Par lettre recommandée distribuée le 14 octobre 2022, le Crédit agricole a vainement mis en demeure Mme [B] de lui payer sous quinzaine :
— la somme de 10 358,62 euros au titre des échéances impayées du prêt n° 00000596655 depuis le 5 juin 2022,
— la somme de 12 951,58 euros au titres des échéances impayées du prêt n° 98337185177 depuis le 10 juin 2022,
— la somme de 11 582,99 euros au titre du solde débiteur du compte n° [XXXXXXXXXX06] depuis le 30 juin 2022.
Par lettre recommandée distribuée le 17 décembre 2022, le Crédit agricole a prononcé la déchéance du terme du prêt n° 00000596655 et a mis vainement en demeure Mme [B] de lui payer sous quinzaine la somme de 185 491,83 euros en capital et intérêts.

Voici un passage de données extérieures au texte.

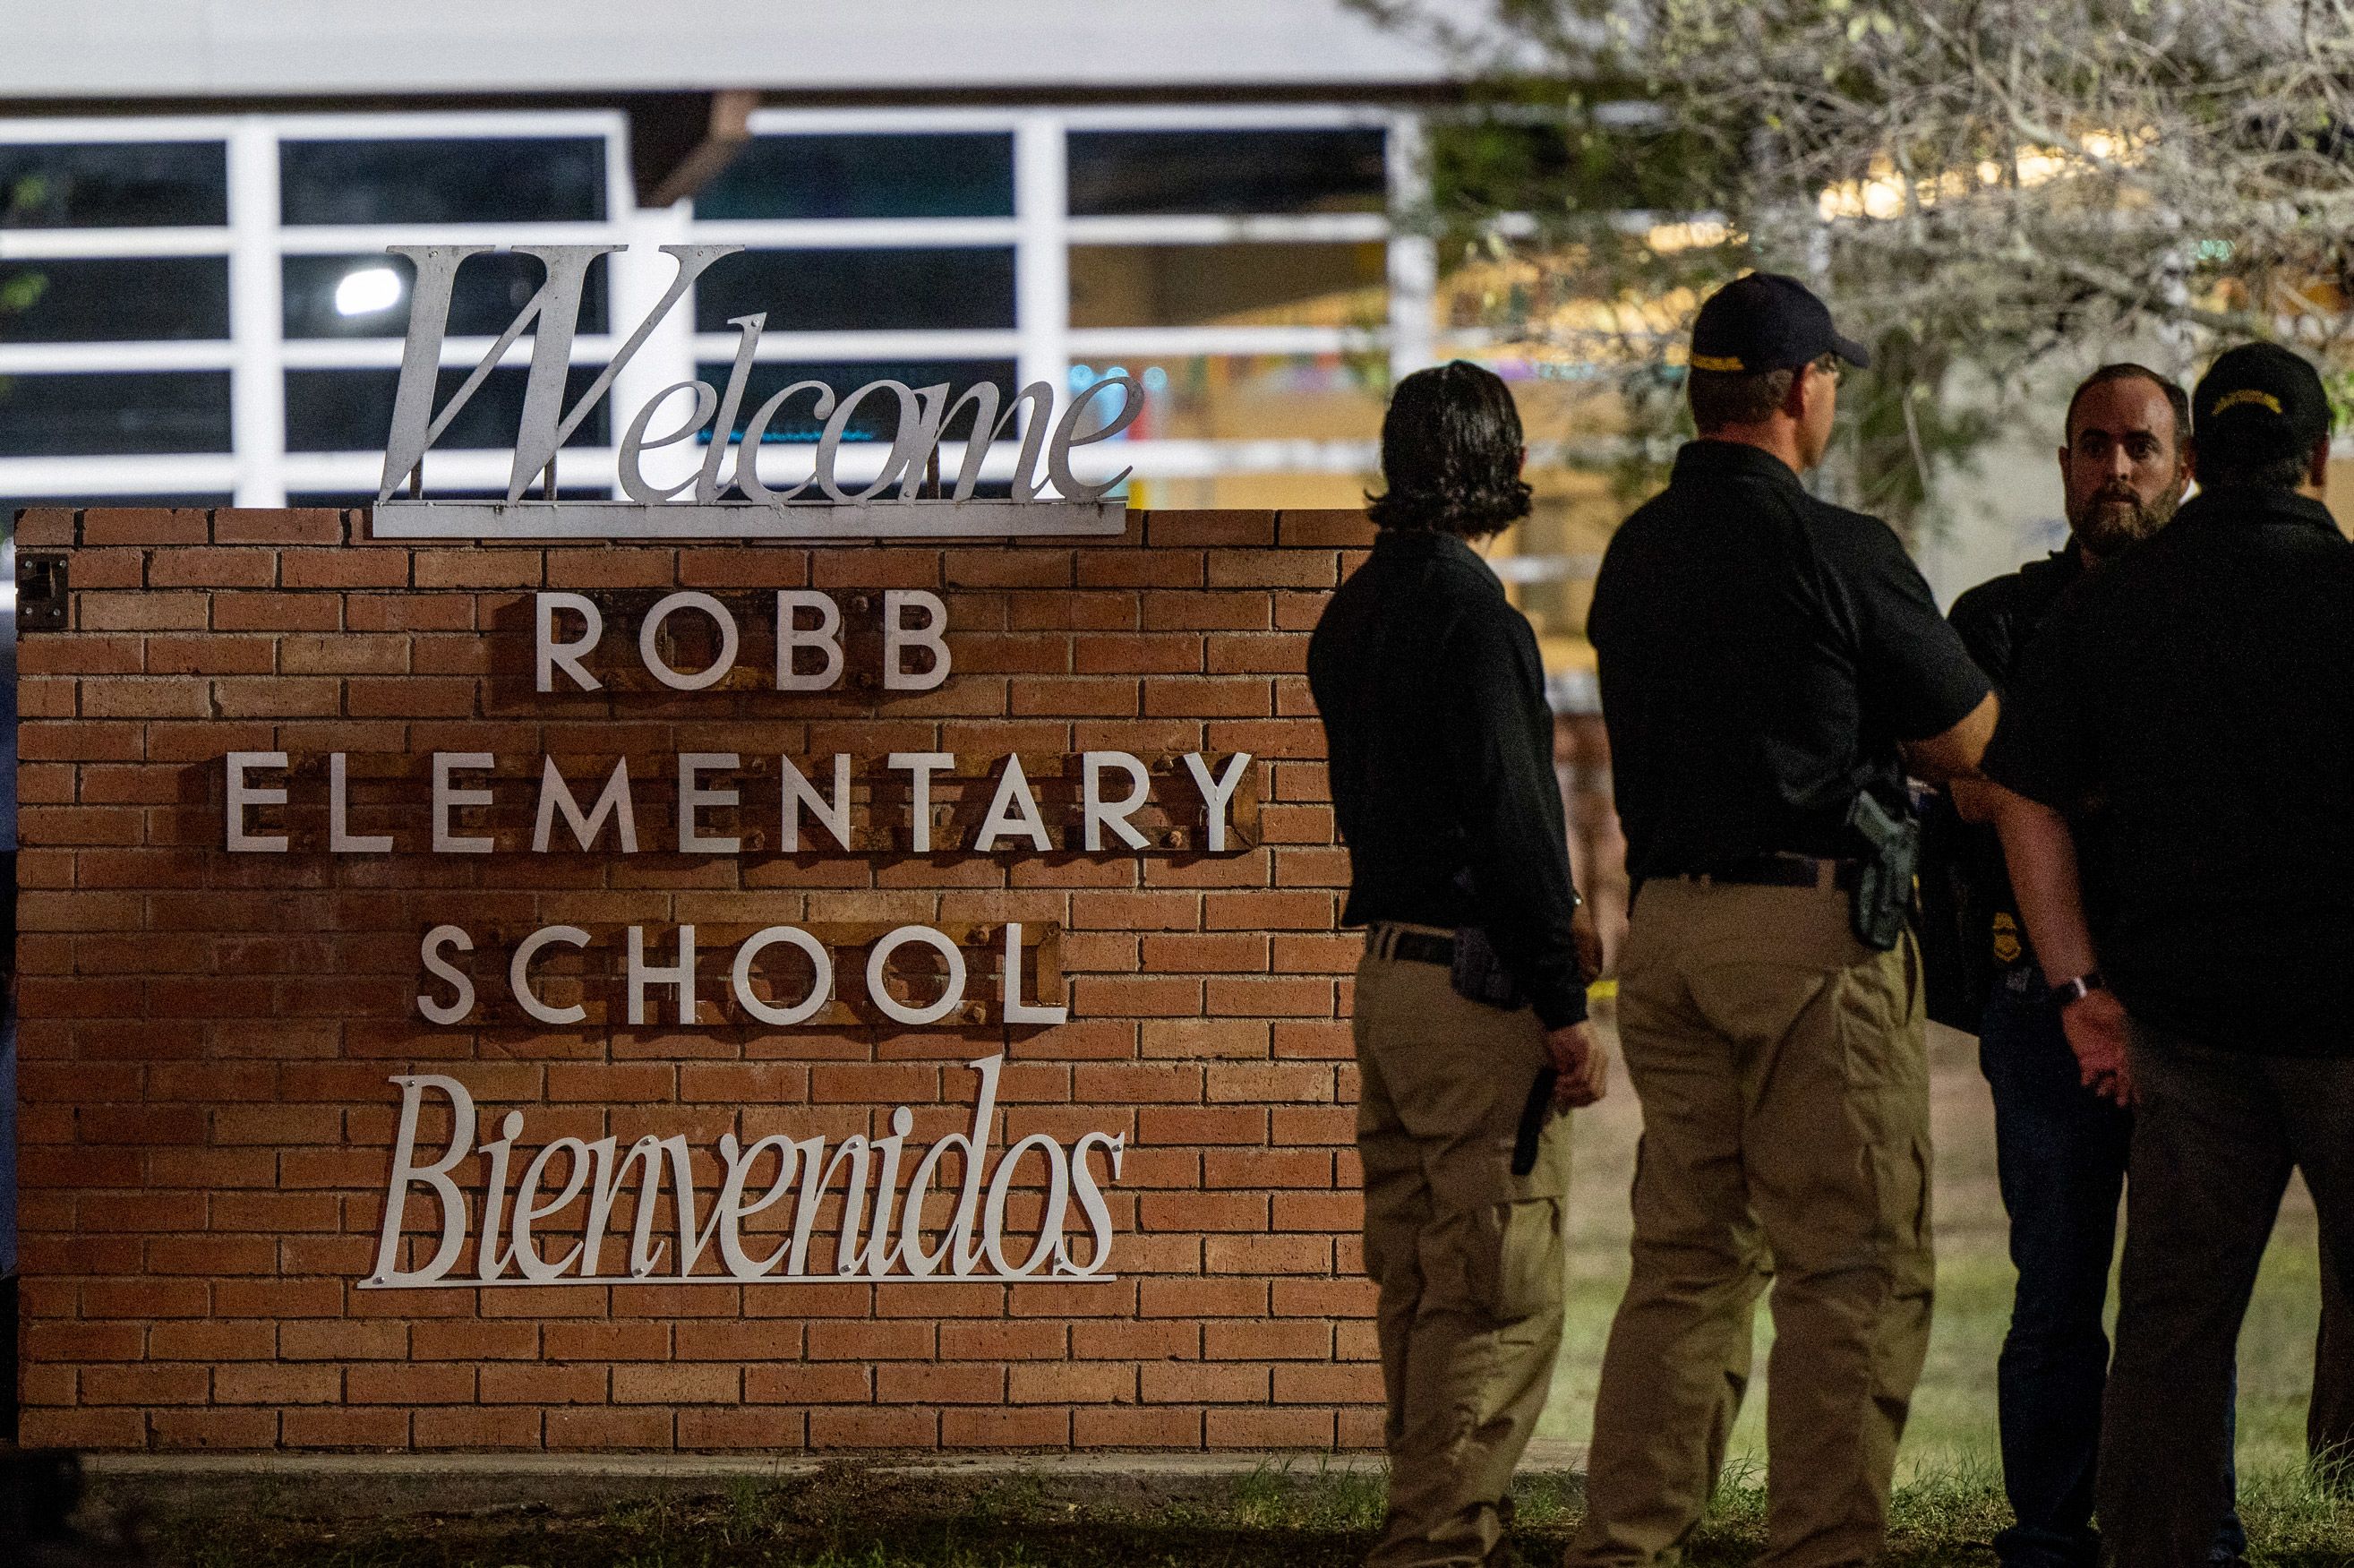 Uvalde Texas school shooting: What we know about the Texas elementary school  shooting that left 19 students and 2 teachers dead | CNN

Selon exploit délivré le 2 février 2023, le Crédit agricole a fait assigner Mme [B] devant le tribunal judiciaire de Châlons-en-Champagne en paiement de ce prêt.
Par jugement réputé contradictoire du 31 janvier 2024, le tribunal a :
condamné Mme [B] à payer au Crédit agricole la somme de 185 491,83 euros, outre intérêts au taux conventionnel de 1,81 % l’an à compter de l’arrêté de compte, déchéance du terme et mise en demeure du 24 novembre 2022 et jusqu’au complet règlement, au titre du prêt n° 00000596655,
condamné Mme [B] à payer au Crédit agricole la somme de 12 086,91 euros, outre intérêts au taux légal à compter du 2 février 2023, date de l’assignation et jusqu’au complet règlement, au titre des indemnités contractuelles,
condamné Mme [B] à payer au Crédit agricole la somme de 1 500 euros au titre de l’article 700 du code de procédure civile,
condamné Mme [B] aux dépens sous le bénéfice de l’article 699 du code de procédure civile,
rappelé le caractère exécutoire par provision de la décision.
dit n’y avoir lieu à écarter l’exécution provisoire du jugement.
Par déclaration du 6 mars 2024, Mme [B] a interjeté appel de ce jugement.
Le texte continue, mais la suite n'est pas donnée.